Recorded information.
::::::::::

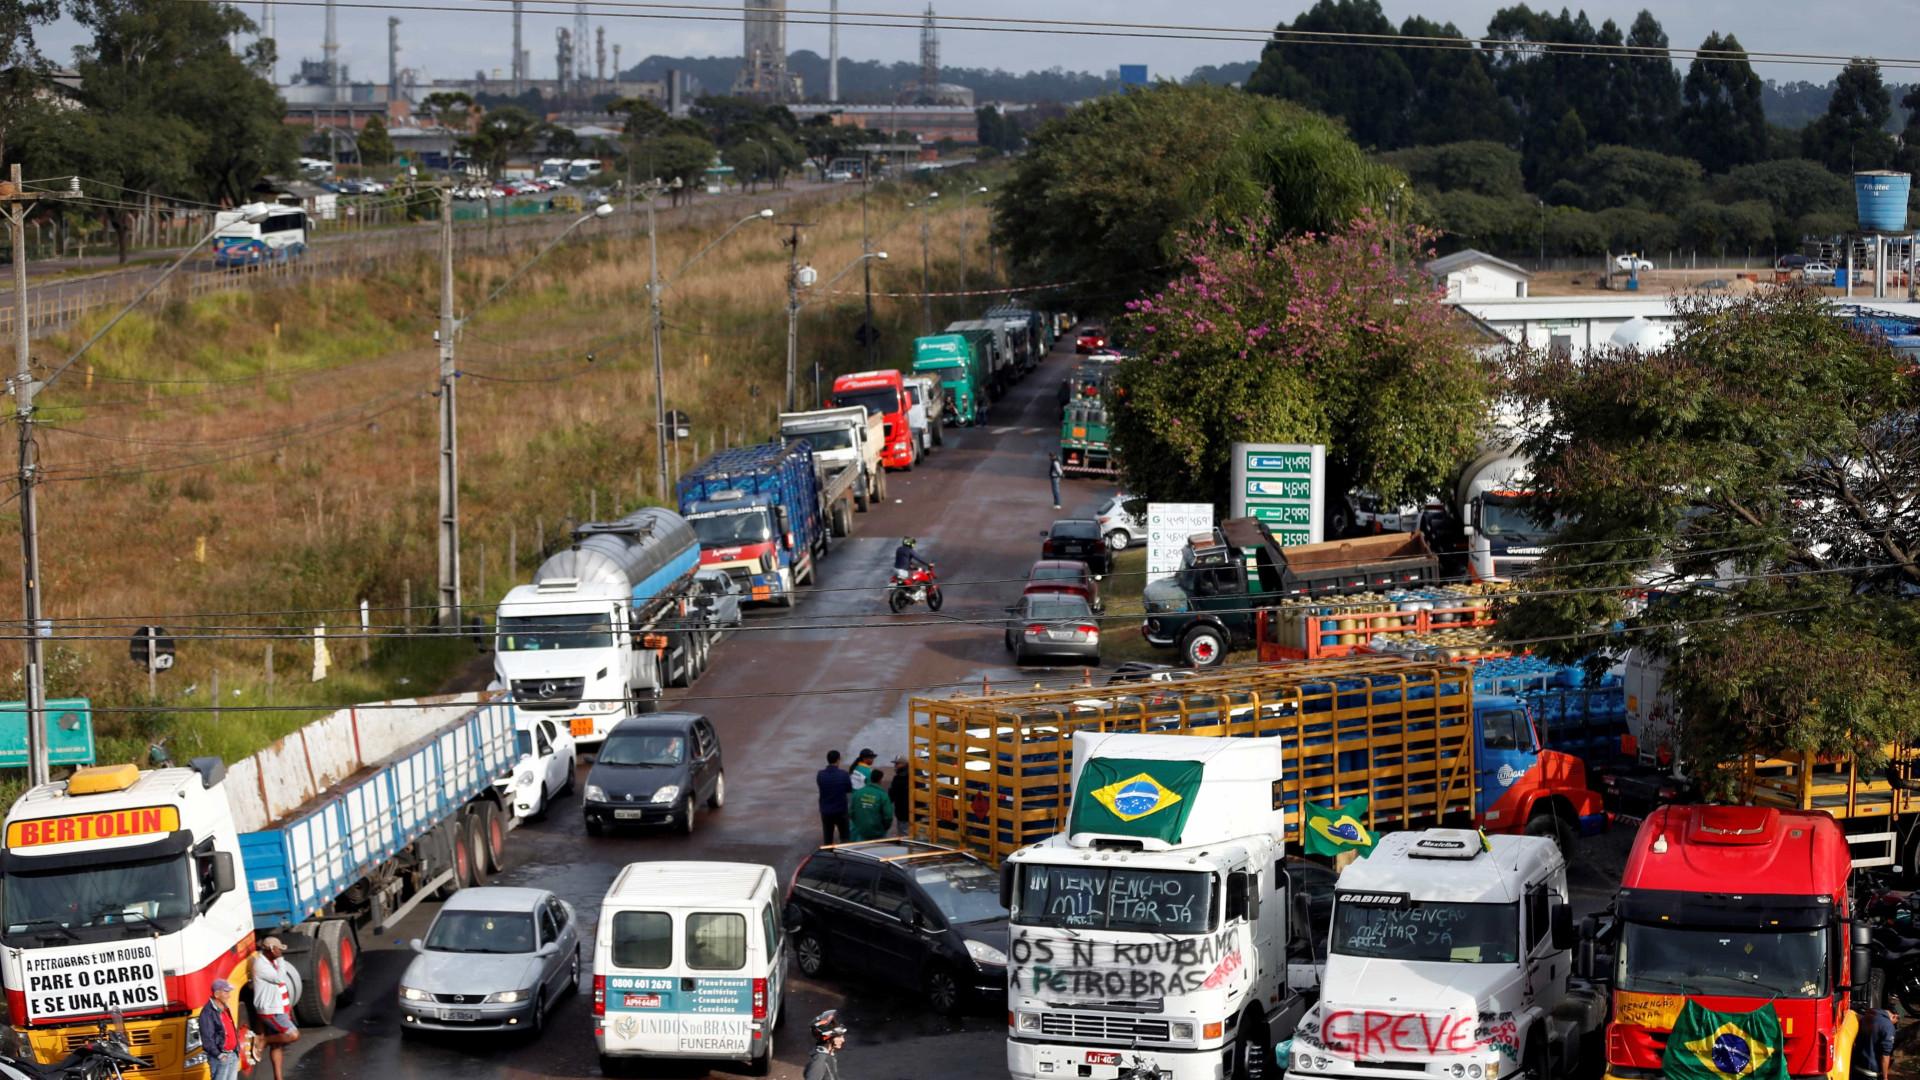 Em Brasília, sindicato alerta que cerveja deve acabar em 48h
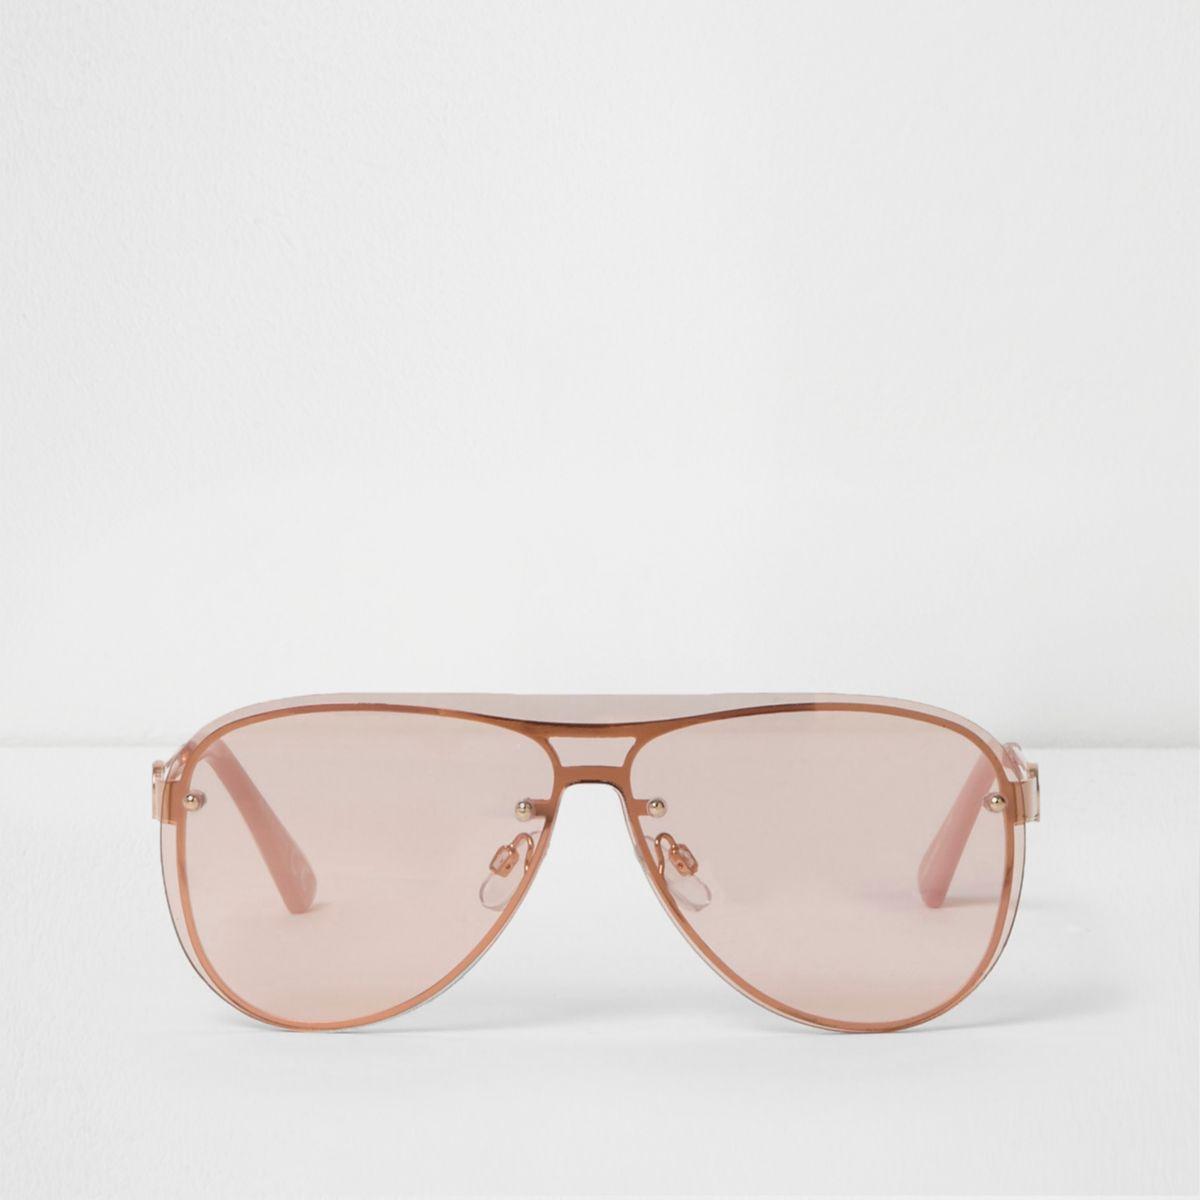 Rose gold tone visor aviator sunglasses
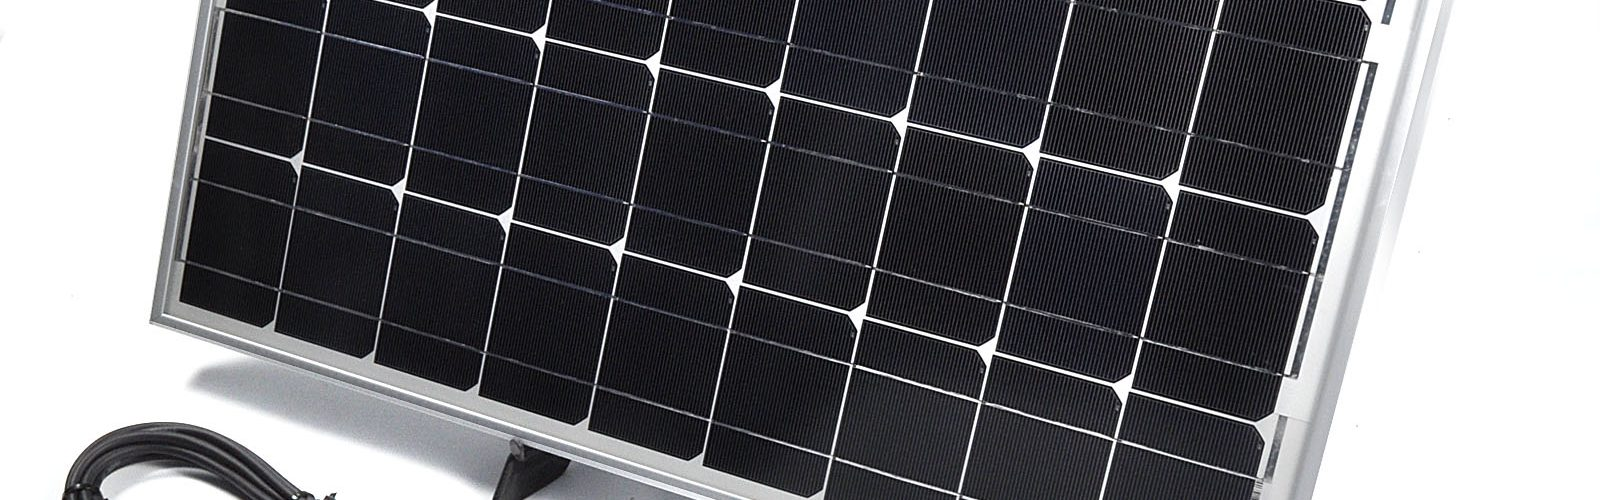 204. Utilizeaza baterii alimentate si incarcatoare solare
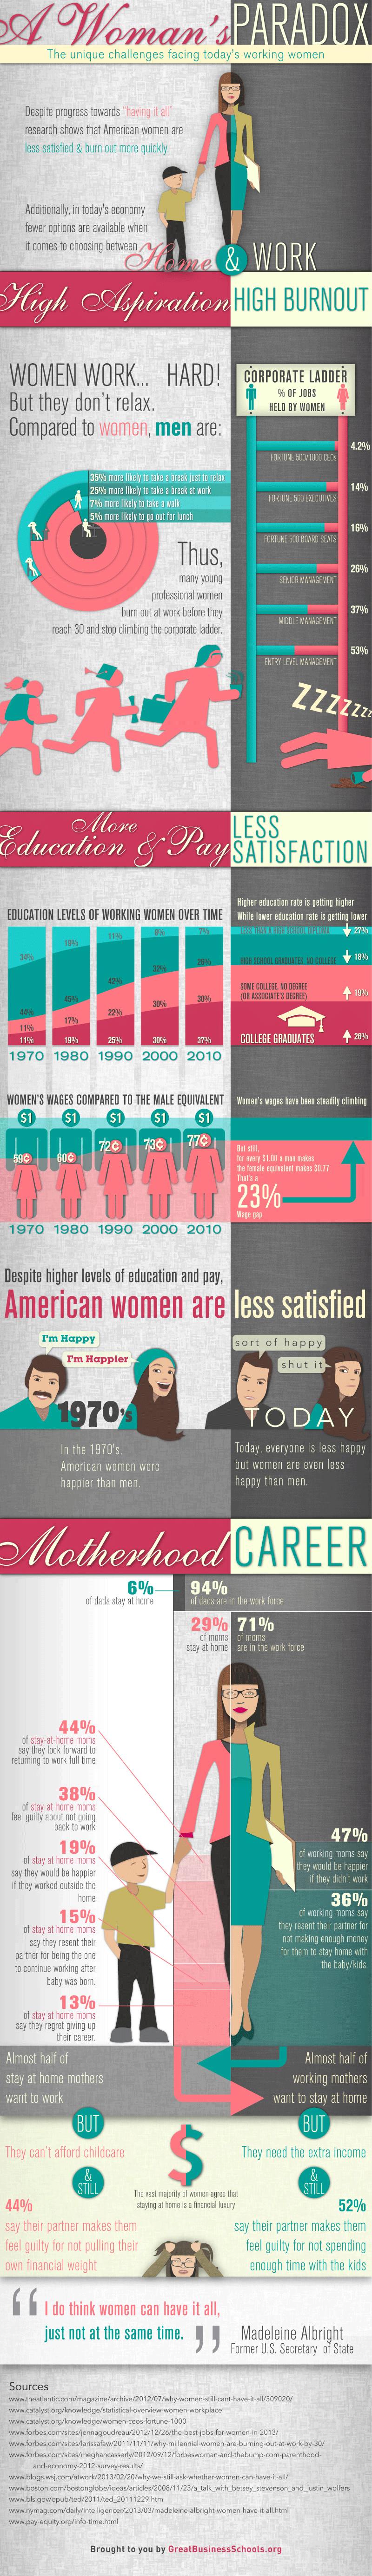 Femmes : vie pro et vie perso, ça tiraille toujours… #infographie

::::::::::

Assigned task. Copy out every line of the material above precisely, omitting the pictures.

Worked solution.
 Em Brasília, sindicato alerta que cerveja deve acabar em 48h
 Rose gold tone visor aviator sunglasses
 204. Utilizeaza baterii alimentate si incarcatoare solare
 Femmes : vie pro et vie perso, ça tiraille toujours… #infographie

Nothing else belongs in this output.